Will It Ever End?

The other day I gardened.


This is not my favorite thing to do, primarily because I always have to yank up miles of weeds, and declare war every spring on this annoying, clinging morning glory that seems to grow fifty feet a day. If I were to leave my home right now that morning glory would cover our house by the end of summer.


My mother's gray ceramic pot, and her mint. I added a geranium and petunia.


You’d drive down the street and all you would see is a mass of morning glory.  It’s not the pretty morning glory, either, that you imagine wrapped around a white picket fence with blue flowers.

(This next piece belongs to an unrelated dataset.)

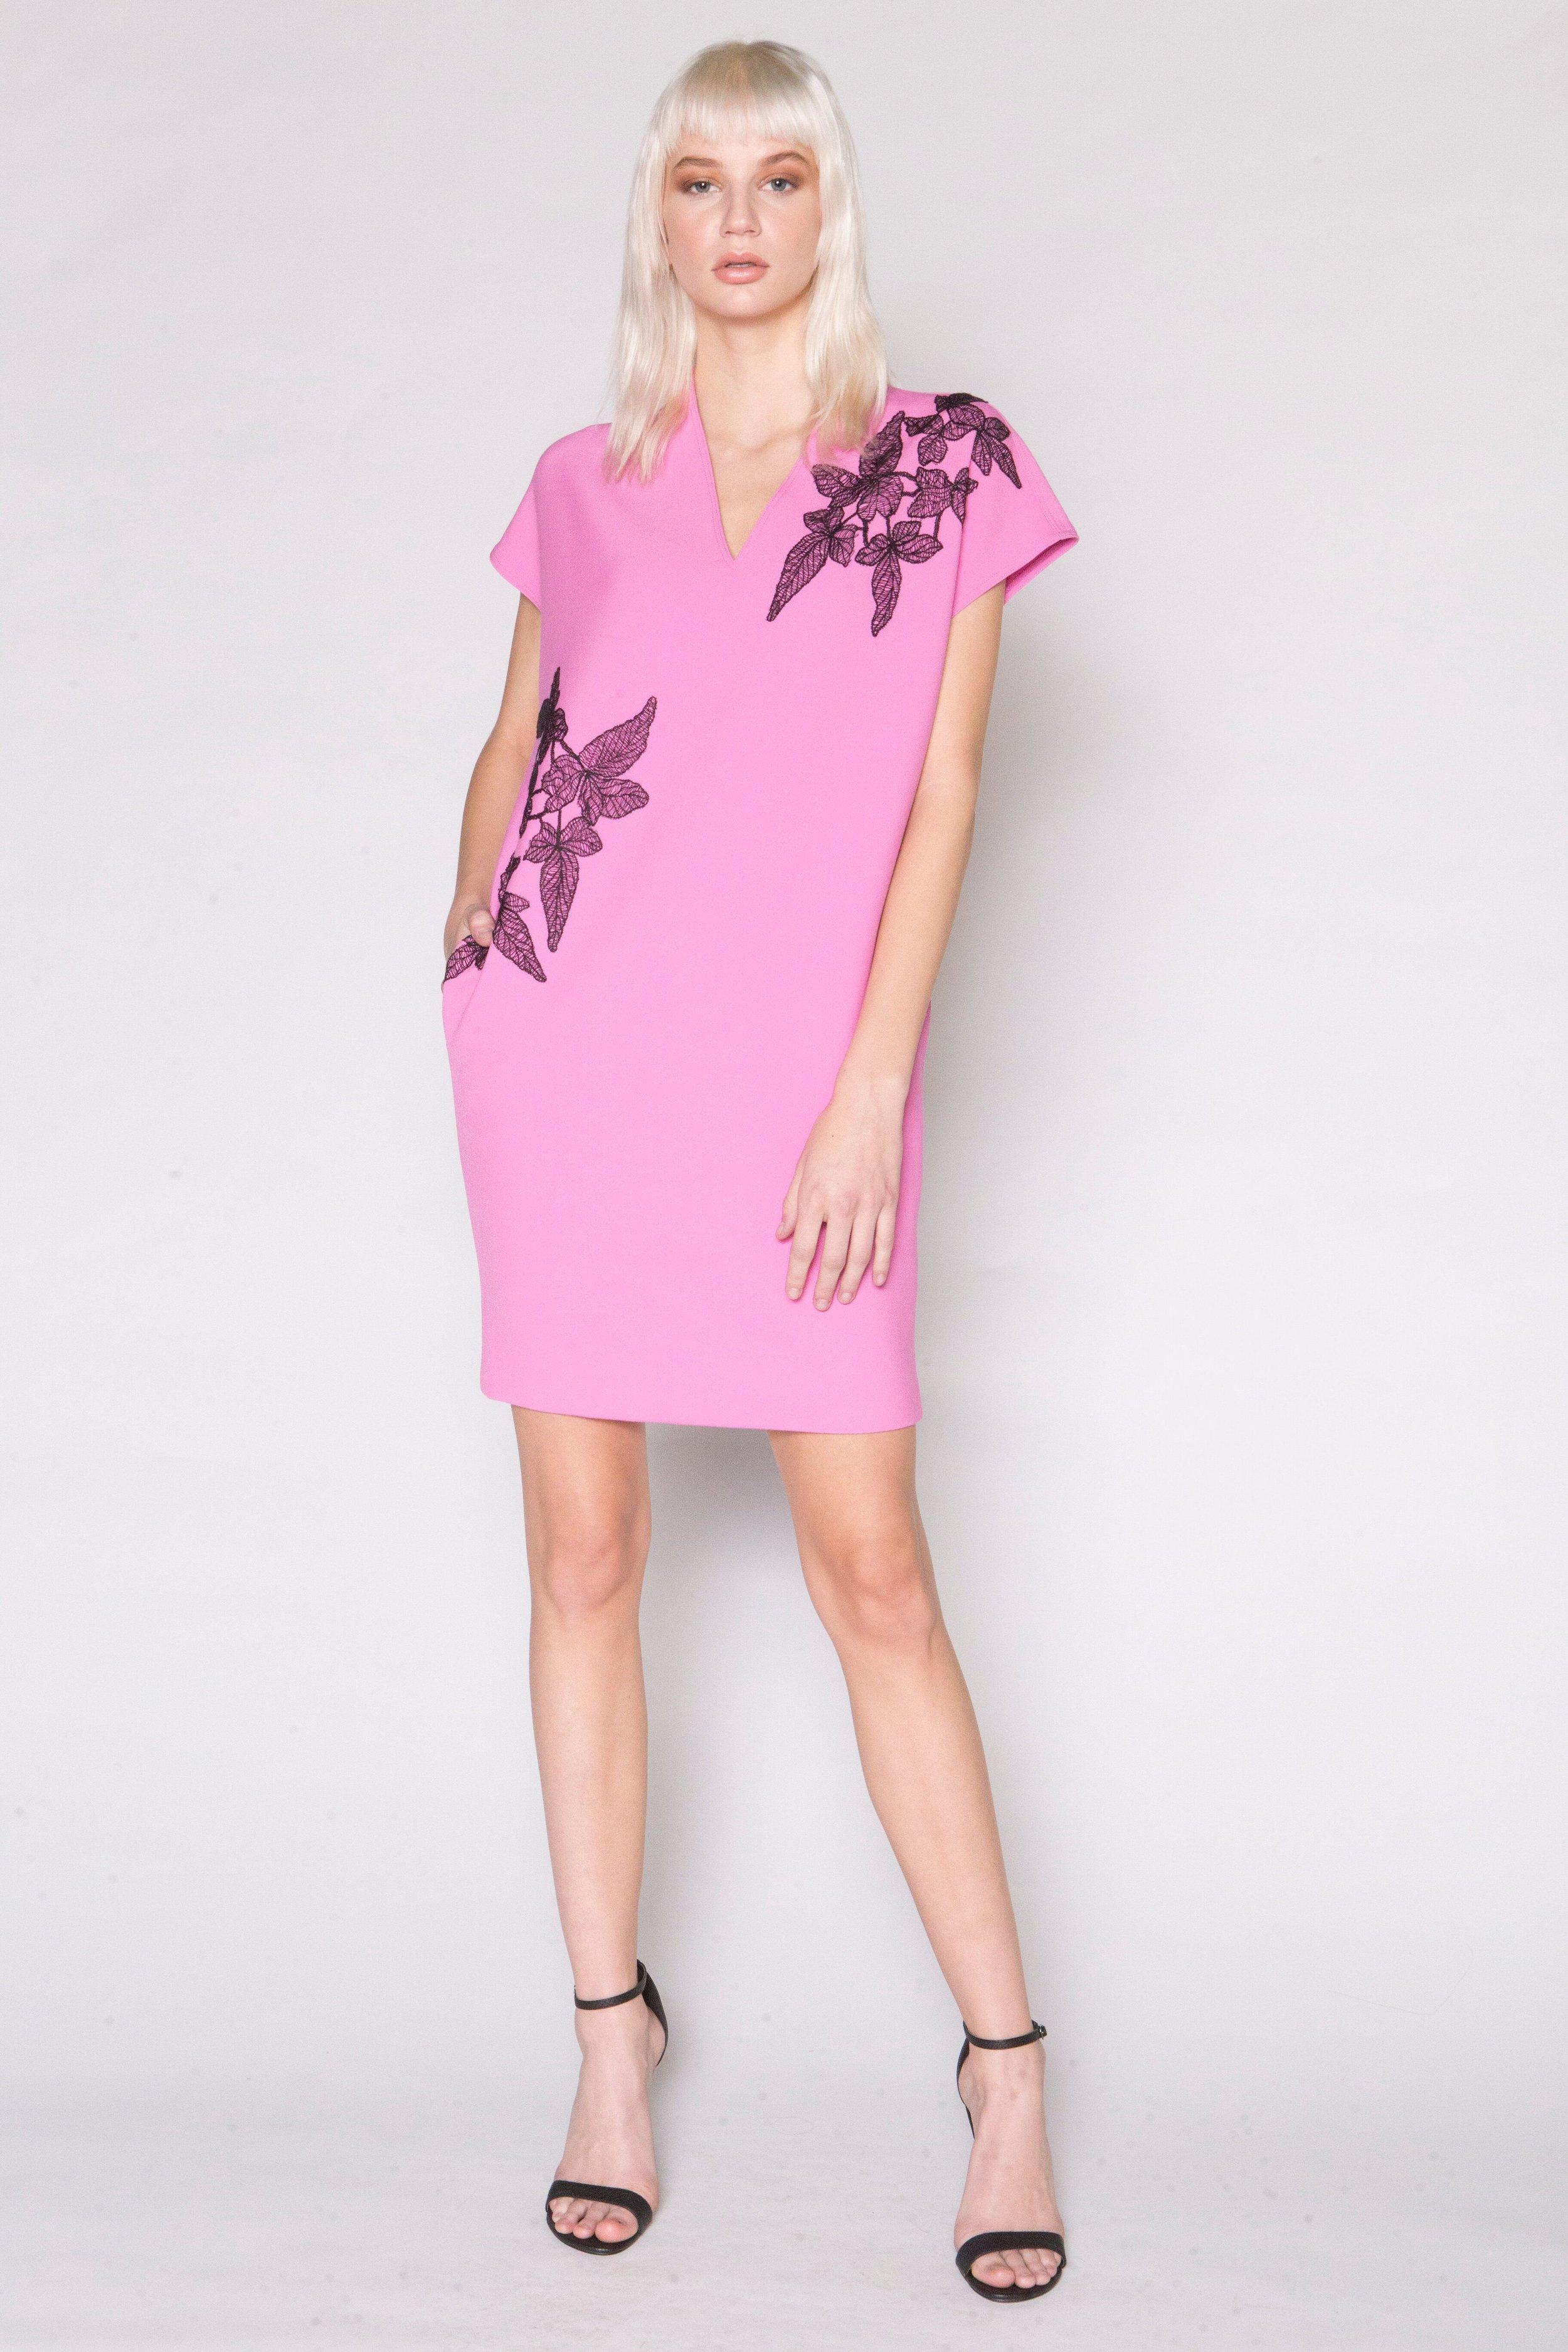 Pink Wedge Dress w/Blk Floral Applique

No, this has, maybe, one white flower, as if to mock me. The rest of it is a living, sticky, green plant criminal.


After my fight with the morning glory, I headed over to a gray, ceramic pot my mother used to own. After she died, in 2002, and my dad died, in 2007, both of them from cancer, I took it home with me. I love that pot. Inside the pot, every year, my mother’s mint grows, tall and wide.

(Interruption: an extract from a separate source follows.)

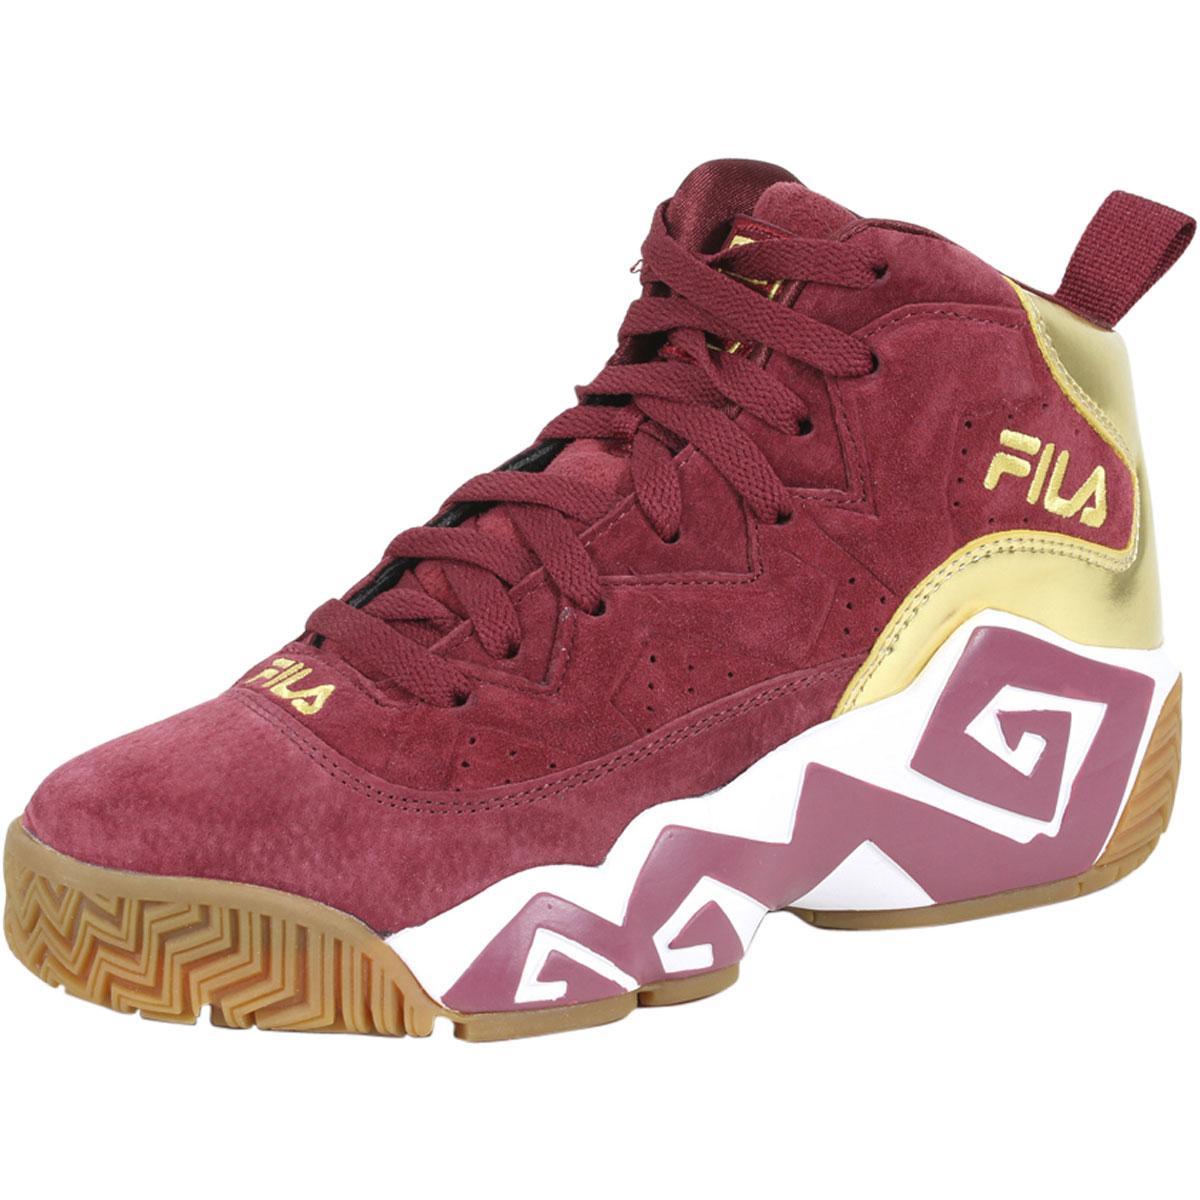 75c3d664b163 Fila Men s MB High-Top Sneakers Shoes

In the pot, a small maple tree had the audacity to start growing. Also in the pot was another greenish plant that, like the morning glory, seems to grow everywhere in my yard. It’s like a spreading green monster. I’m surprised I don’t have any coming out of my ears.


With my pink gloved hand I tried to yank the maple tree out again and again. No go. It was in there tight. I had dirt and dust on my face from my fruitless fight with the maple tree when I decided to turn my attention to the green monster.  Again, no go. The soil was dry and rock hard, the roots deep and stronger than me. I could hear them both laughing at me.  I will win this battle, I told myself.


My mothers pins, her cross from when she was a girl, her mother's thimble, her baby bracelet, and her Blue Bird pin.


I tipped the heavy pot over my recycling bucket and tried to shake the tree and the green monster out while holding on to my mother’s mint. More dirt and dust flew into my face, my hair, and all over my shirt. I started to swear, a usual activity I embark upon while gardening.


I have saved so many of my mother’s precious things. Her old books from her mother.  Her blue dancing shoes. Her china. A clematis vine in my backyard. A black purse. Her baby bracelet. Her blue bird pin. Her favorite chair.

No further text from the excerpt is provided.